Gwen Ansell reviews three of the latest releases in the science fiction and fantasy genre
The Sword of Albion by Mark Chadbourn (Bantam)
In the Age of Misrule and Kingdom of the Serpent series, Mark Chadbourn established a voice as the creator of gripping, distinctively British fantasies, drawing on the mythologies of Vikings, Saxons and Celts. Those books are dark-toned tales of 20th-century decline, and redemption through the reincarnation and martyrdom of heroes.
Sword of Albion is a freestanding novel set in an alternative Elizabethan court, at open war with the Spanish and in covert war with the Sidhe.
In the company of Dr John Dee, Kit Marlowe and more, hero Will Swyfte plays the James Bond role.
The historical research is meticulous, and the melancholy grimness of tone, leavened by smart gallows humour, will speak to Chadbourn fans.
But although the bucklers are stylishly swashed, the plot feels tired and over familiar. The book is a stand-alone, but there’s a certain inevitability about further episodes. — Gwen Ansell
Naamah’s Kiss by Jacqueline Carey (Gollancz)
Jacqueline Carey enjoyed New York Times best-selling success with her Kushiel series: essentially bodice-rippers plus magic.
Naamah’s Kiss is set in a new epoch of her universe, but isn’t much different. Carey’s heroine, the impossibly beautiful young minor witch, Moirin, fucks her way through a variety of thinly fantasised and at times jarringly anachronistic historical backdrops: Celtic (soft-focus teenage sex with a chieftain’s son); medieval French (sex with a Faustian dabbler, a wayward queen and an ivory dildo); and dynastic Ch’in (sex with a kung-fu fighter handy with his staff and a dragon embodied in a princess).
The whole farrago takes itself far too seriously, plastering on a pretentious environmental sub-theme — although connoisseurs of cliché will find plenty to entertain them amid the heaving thighs. — GA
The Folding Knife by KJ Parker (Orbit)
It would be reductive to see Parker’s latest novel as simply an allegory of Afghanistan and Iraq. After all, family Bush were by no means the first potentates to start wars for their own and their cronies’ financial benefit — ostensibly to pre-empt future aggression — and foster a system of worthless financial instruments to shore up the state.

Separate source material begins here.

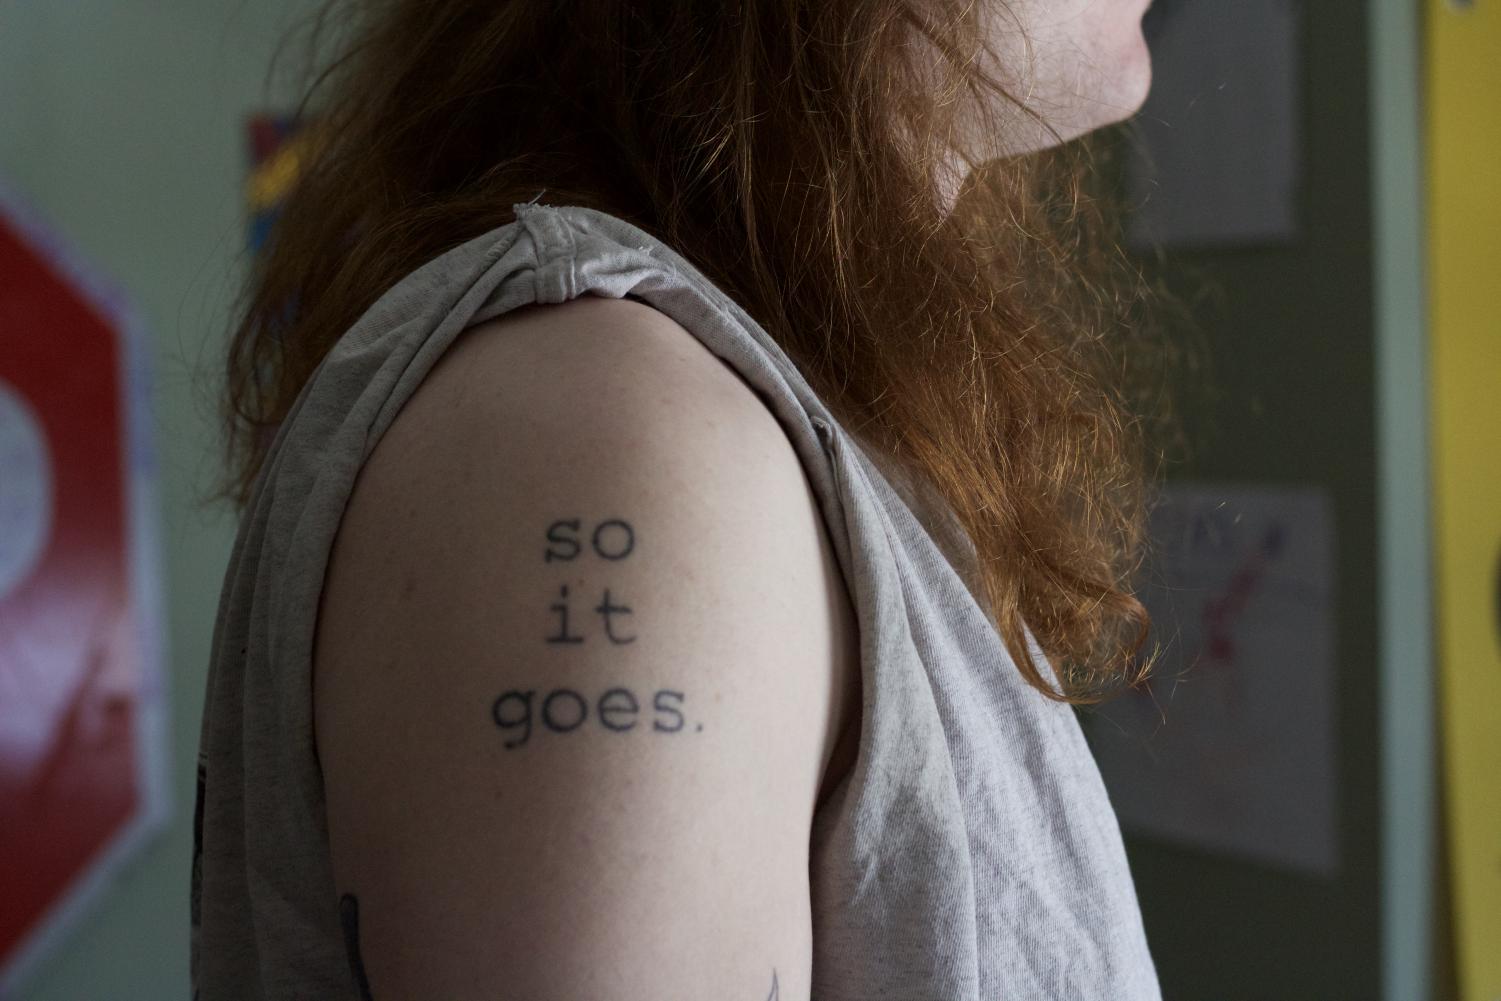 No Ragrets: Love for Unconventional Tattoos – The Vermont Cynic

Parker’s protagonist, Basso, is more Doge than Caesar: first citizen and chief executive of a mid-sized mercantile state in the world of the earlier books. Basso juggles the elements of power — religion, state, army, diplomacy — effectively (and far more successfully than those of his personal life) until, as the book jacket warns us, he makes one mistake.
Reading this finely crafted, scarily intelligent tale is like watching a doomed high-wire act. Half-horrified, you admire Basso’s audacious, amoral footwork, while trying to puzzle out which of his often-flawed actions will be the fatal step.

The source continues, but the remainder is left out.